Dataset content:
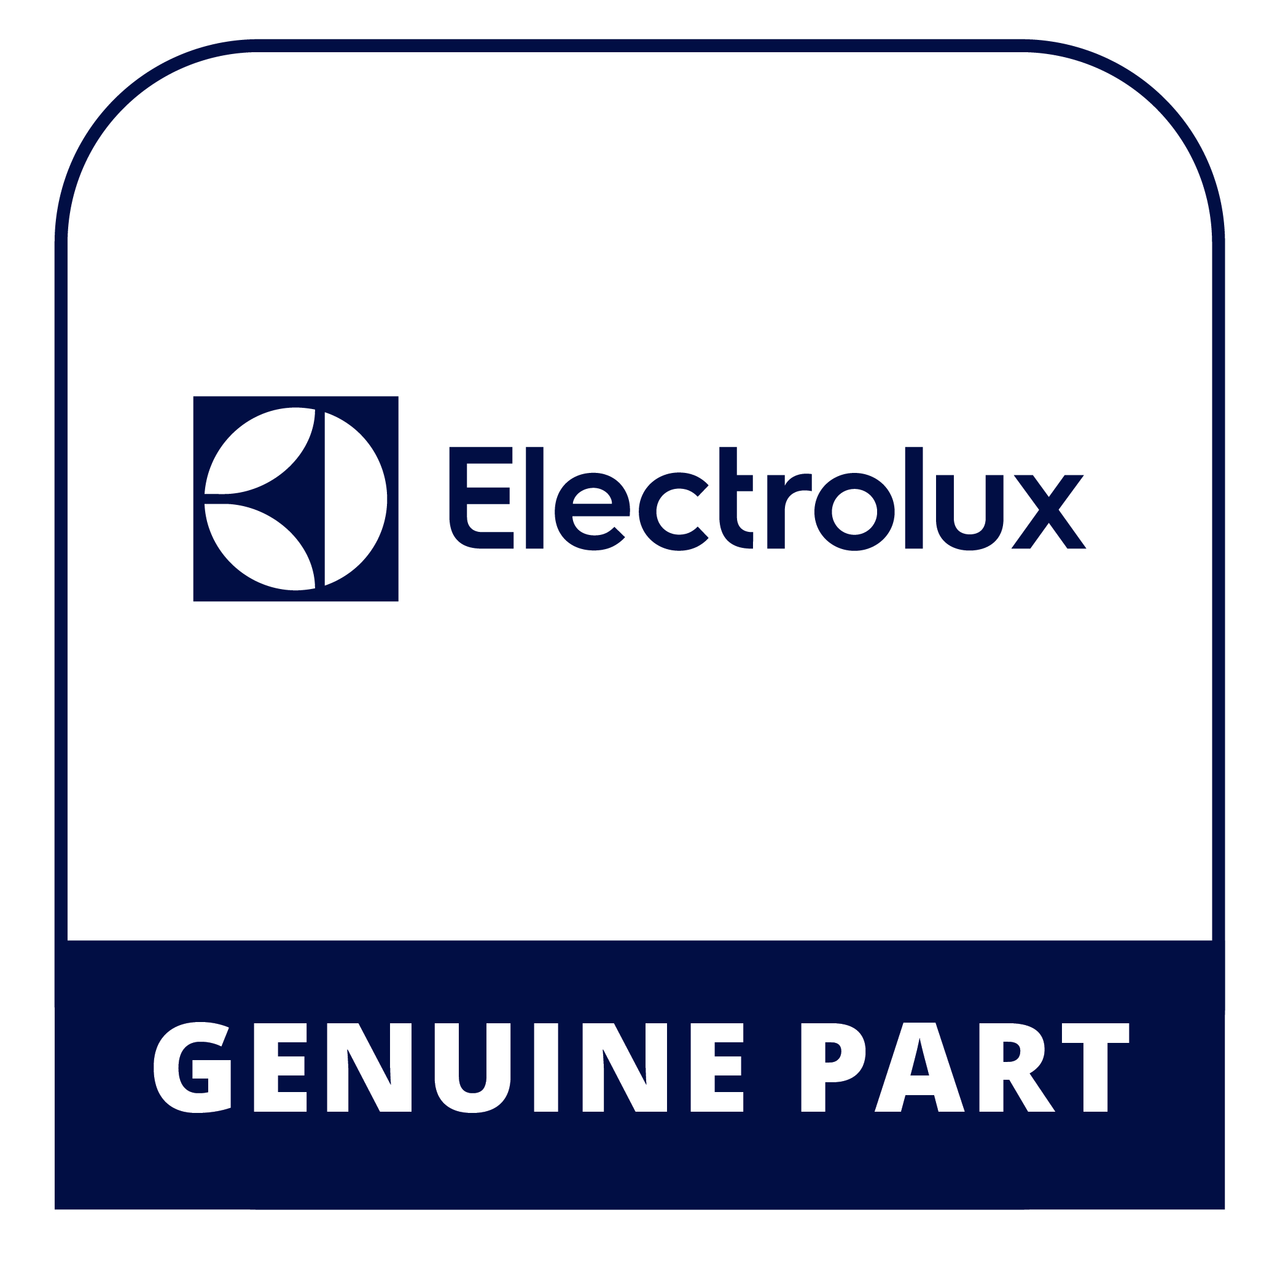 Frigidaire - Electrolux 316601900 Shield - Genuine Electrolux Part
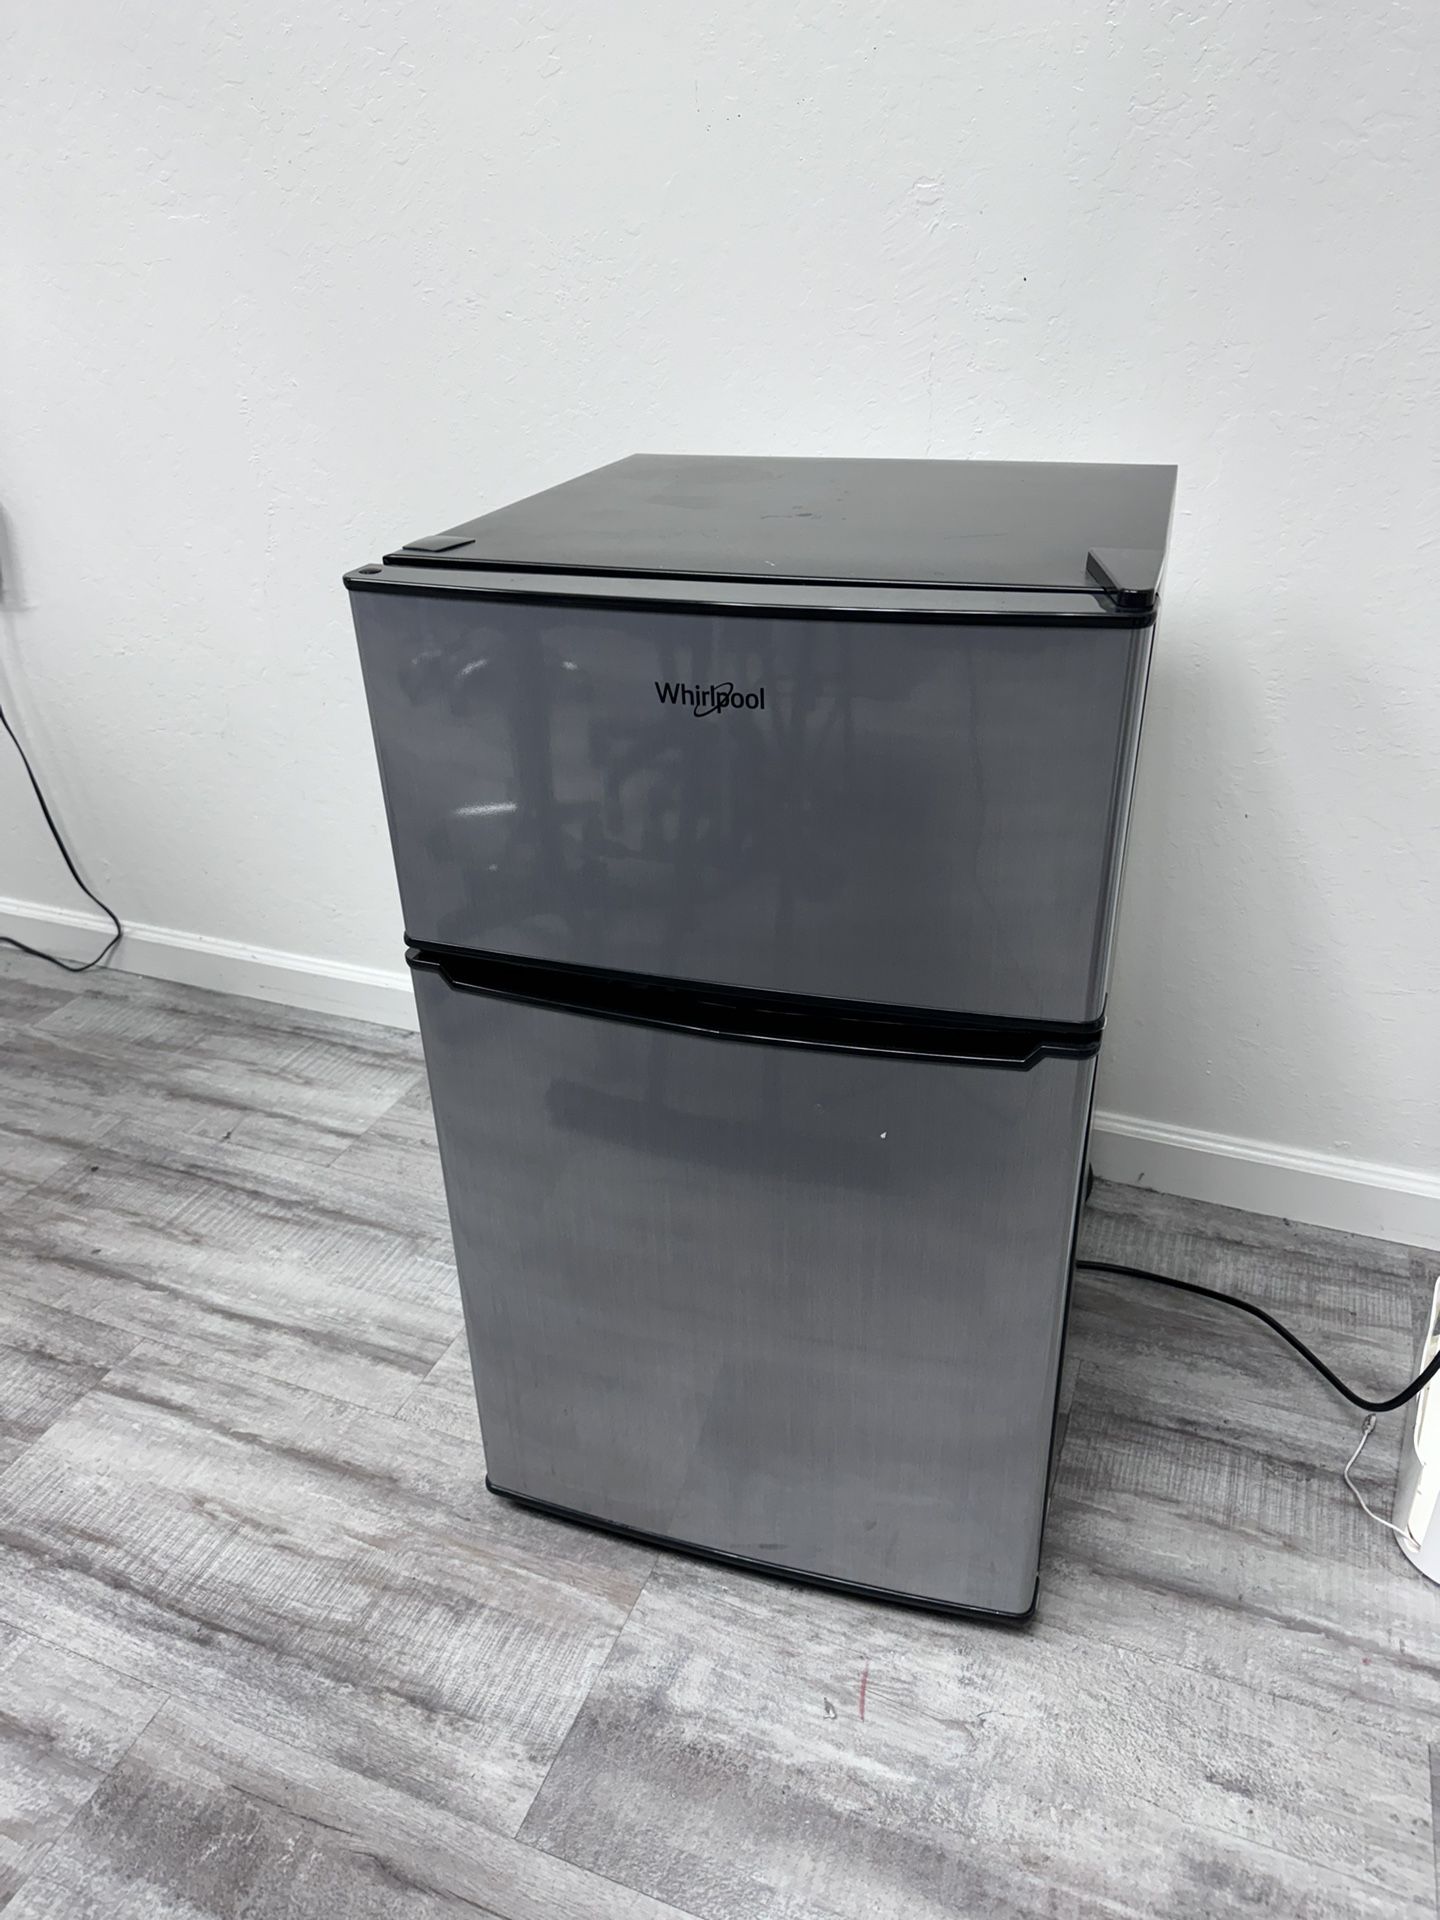 Whirlpool 3.1-cu.-ft. 2 Door Compact Refrigerator/Freezer Stainless $100 FIRM
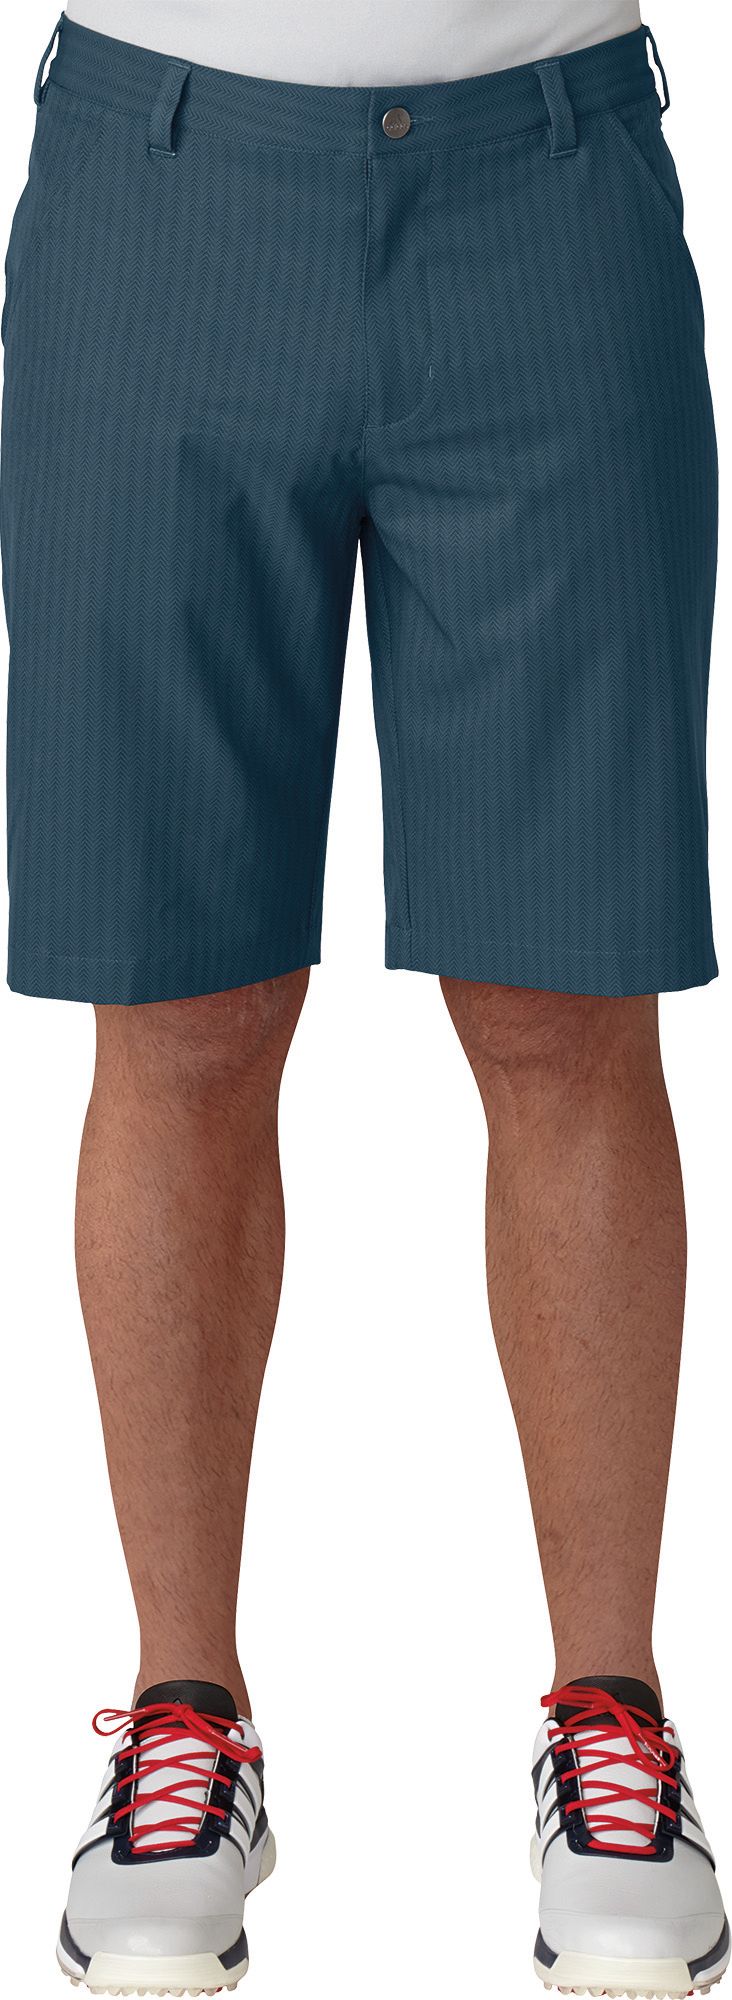 adidas Men's Ultimate Dot Herringbone Shorts - .97 - .97

Work order:
Nothing should be printed except the lines from the one with "Whirlpool 3.1-cu.-ft. 2" through the last line of the listing above, both ends included; please drop the pictures.

Output of the exercise:
 Whirlpool 3.1-cu.-ft. 2 Door Compact Refrigerator/Freezer Stainless $100 FIRM
 adidas Men's Ultimate Dot Herringbone Shorts - .97 - .97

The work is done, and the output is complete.